Une évolution des cadres nationaux visant à inclure explicitement les SAF dans la politique forestière favoriserait donc leur prise en compte dans les politiques territoriales.

Les Stratégies Locales de Développement Forestier (SLDF) tendent à reproduire les cadres nationaux de la politique forestière qui excluent les systèmes agroforestiers des objectifs de mobilisation des bois, en les cantonnant à des fonctionnalités environnementales. En effet, les Plans de Développement de Massif ne concernent pas les peuplements agroforestiers, et les Chartes Forestières de Territoires ne considèrent que de façon minoritaire leur dimension productive. Alors que les CFT ont pour objectif de mettre en place des regroupements de producteurs, cet objectif ne concerne pas les producteurs agroforestiers. Pour autant les expériences existantes en forêt fournissent des enseignements intéressants pour le développement de l’agroforesterie, notamment en articulant Charte Forestière de Territoire (CFT) pour la définition de la politique locale, Association Syndicale de Gestion Forestière (ASGF) pour la structuration des propriétaires autour de Plans Simples de Gestion (PSG) existants, et Plan de Développement de Massif (PDM) pour la réalisation concrète des travaux sylvicoles et des coupes.

Un parallèle pourrait alors être fait avec la gestion des systèmes agroforestiers. Les Projets Agro-Environnementaux (PAE) sur lesquels reposent la contractualisation de mesures visant à l’entretien ou la plantation de haies ou d’éléments arborés pourraient représenter l’équivalent des Plans de Développement de Massif, mais appliqués à la gestion des systèmes agroforestiers, dans l’objectif conjoint de répondre à des objectifs environnementaux et de fournir, à terme, des bois. Cela supposerait une évolution du discours agro-environnemental en intégrant la dimension sylvicole des peuplements agroforestiers. Ces Projets Agro-Environnementaux à visée sylvicole seraient alors potentiellement intégrés à des Chartes Forestières de Territoire plus ouvertes sur les systèmes agroforestiers, elles-mêmes incluses dans le Schéma Régional de Cohérence Ecologique (SRCE). Les systèmes agroforestiers ainsi aménagés viseraient à établir des continuités écologiques et économiques entre les massifs forestiers et les petits bois sous-valorisés dans les milieux cultivés.

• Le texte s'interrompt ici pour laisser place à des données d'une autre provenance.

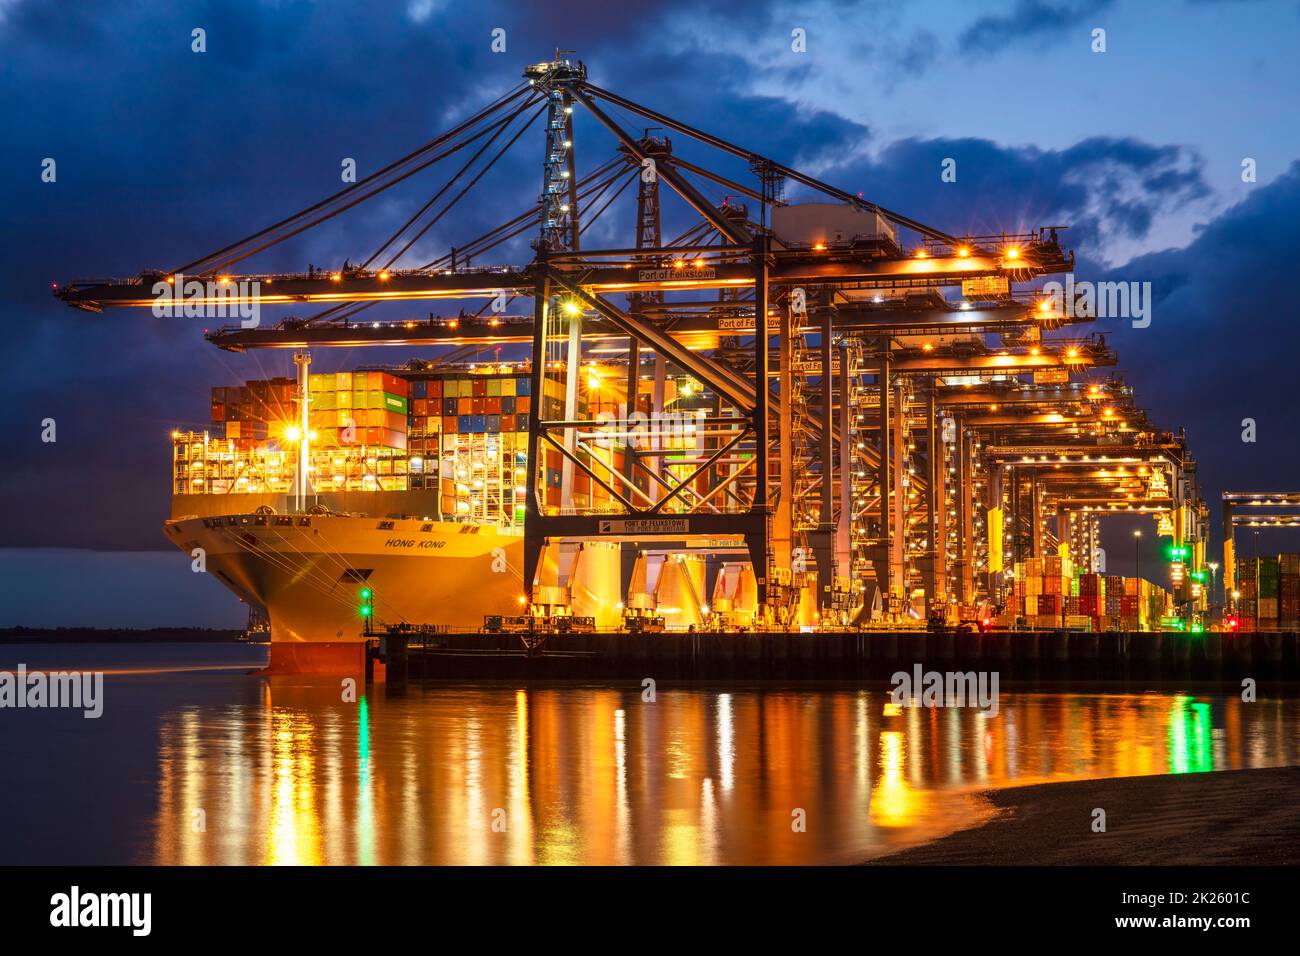 Hafen von Felixstowe Port Containerschiff mit Schiffscontainern im Dock bei Nacht Felixstowe Containerhafen Felixtowe Suffolk England GB Europa Stockfoto
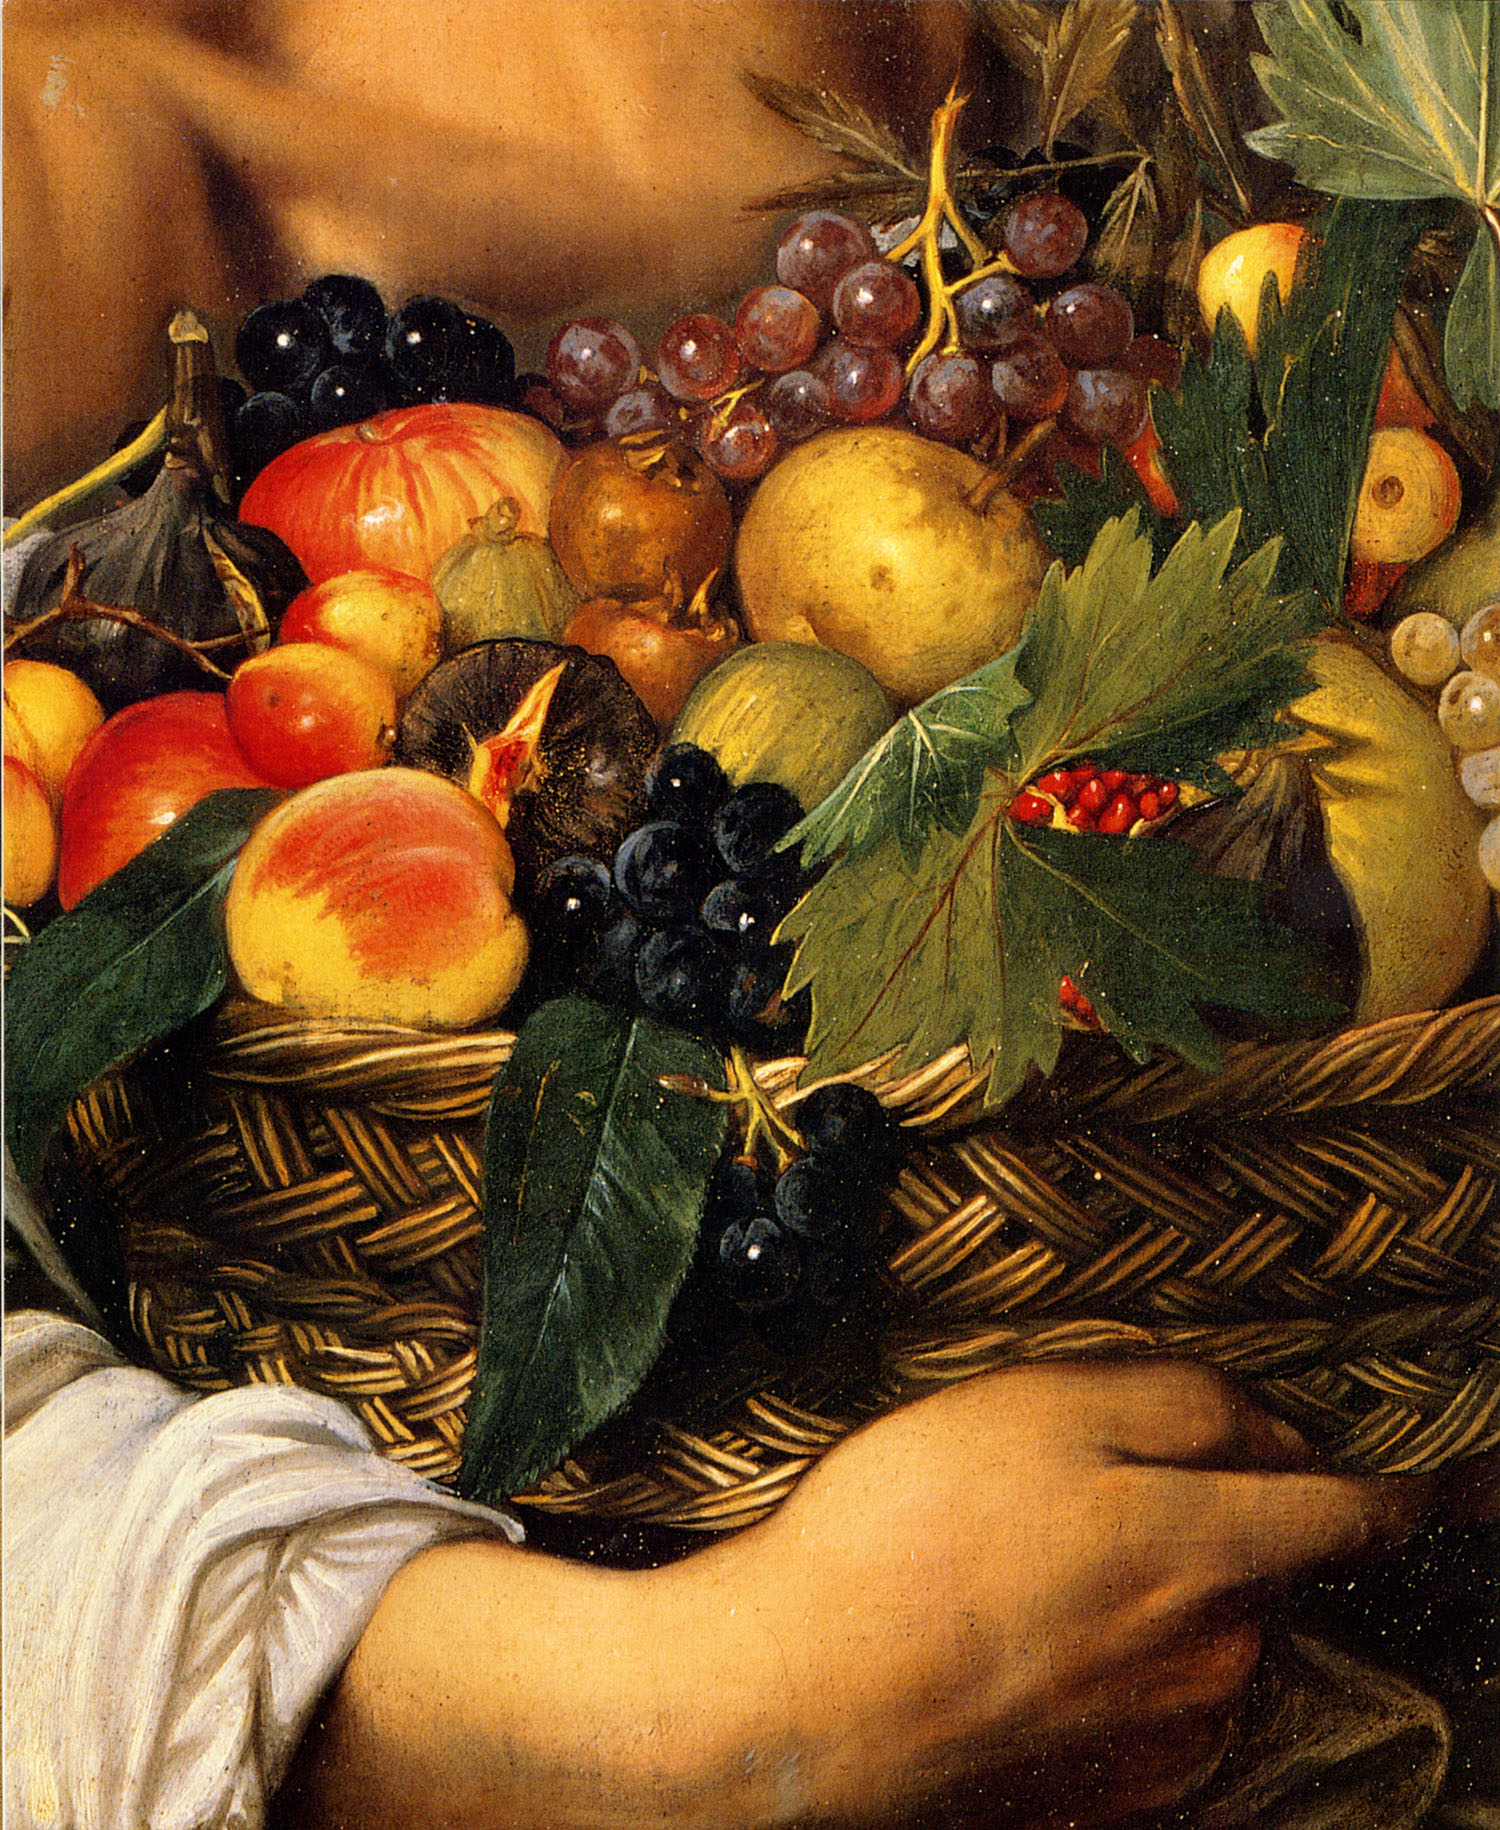 Караваджо. Юноша с корзиной фруктов. 1593. Фрагмент.

Ce type de démarche reposerait alors essentiellement sur la capacité des producteurs agroforestiers à travailler en commun dans le cadre de structures de regroupements, telles des Associations Syndicales. Or, ce type d’association requiert des moyens considérables pour l’animation et la gestion technique et administrative généralement fournis par les collectivités locales. Un moyen de s’affranchir de la dépendance aux

collectivités réside dans la capacité des structures de regroupement à constituer des fédérations à l’échelle départementale ou régionale pour mutualiser les moyens techniques et administratifs.